Антон окутал плотно шею пушистым, тоже черным шарфом и застегнул австрийское пальто. На какой-то момент его посетило спокойствие, и сердце забилось в нормальном ритме. А через миг, хлопнув вскользь по выключателю и закрыв дверь, он сбегал вниз по лестнице. Сумка, противореча габаритам, не была тяжелой, но доставляла неудобства с непривычки. В последнее время Антон, кроме дипломата, ничего иного не носил. Да и общественным транспортом не пользовался.
Прибежав на остановку, Антон прыгнул в первый попавшийся автобус. Подперев голову рукой, он отчетливо чувствовал пульсирующую кровь в висках и стекающие по лбу капли пота. Было непривычно испытывать жару, когда на улице минус шесть. Снять шарф или расстегнуть пальто он не решался, лишь достал платок и вытер им шею и лоб. Подобный ритм был не для него. Окружающее его мало привлекало. Он был безразличен к людям вокруг него и даже не обратил внимания, кто к нему подсел, мужчина или женщина. Он только долго смотрел на яркий свет фар встречных машин и провожал взглядом удалявшиеся маленькие, более спокойные, красные огоньки, пока, наконец, не убедился, что автобус двигается в нужном направлении. Ноги слегка замлели, им мешала сумка. Антон попытался её подвинуть, но тщетно. Скоро необходимость в этом пропала: автобус приближался к необходимому месту.

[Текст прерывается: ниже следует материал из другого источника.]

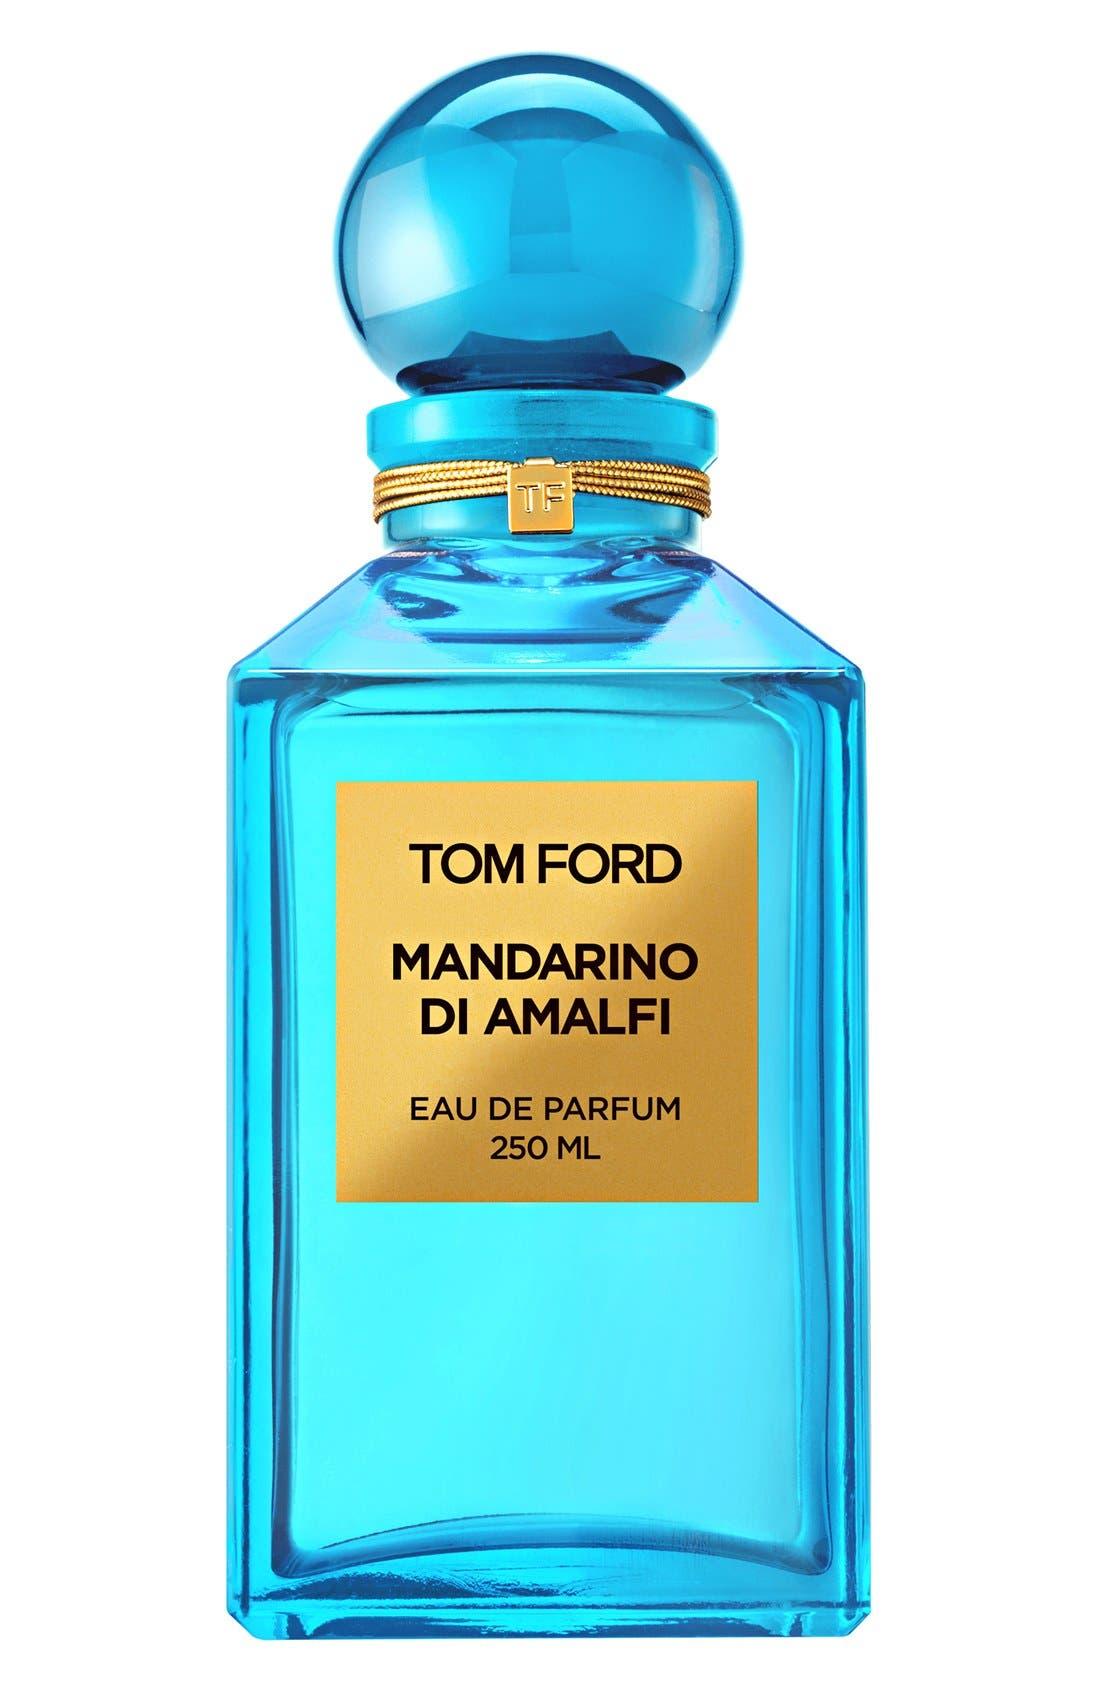 Tom Ford Private Blend Mandarino di Amalfi Eau de Parfum Decanter

Антон вышел из маршрутного автобуса и само собой слился с разношерстной толпой людей, имеющих два общих признака - люди двигались в двух противоположных направлениях. С первого взгляда каждый был погружен в себя, куда-то спешил, не задумываясь, лишь бы вырваться из этого бесконечного потока муравьев. Каждый из них считал, что он и есть целый мир, ну, может быть, еще близкие ему люди. Зато встречные и прохожие, все остальные, являлись его обязательным придатком. Так, на всякий случай, чтобы не чувствовать пустоты вокруг. А прежде всего в самом себе и в своих мелочных, ничтожных делишках на этом свете, которые порой раздувались в глобальные проблемы, надуманные нами. И каждого из них хотя бы раз посещала мысль, что живут они как-то не так, как хотелось, как мечталось. Всякий хотел поменять колесницу суеты на... Хотел бы, да не решился бы никто. Просто не смогли бы, но как они хотят этого всей душой, всем сердцем.
Все прибывали или отправлялись домой, по делам, куда угодно. На то и есть вокзал. Железнодорожный вокзал. Центр всеобщего беспрерывного движения: туда и обратно, туда и обратно.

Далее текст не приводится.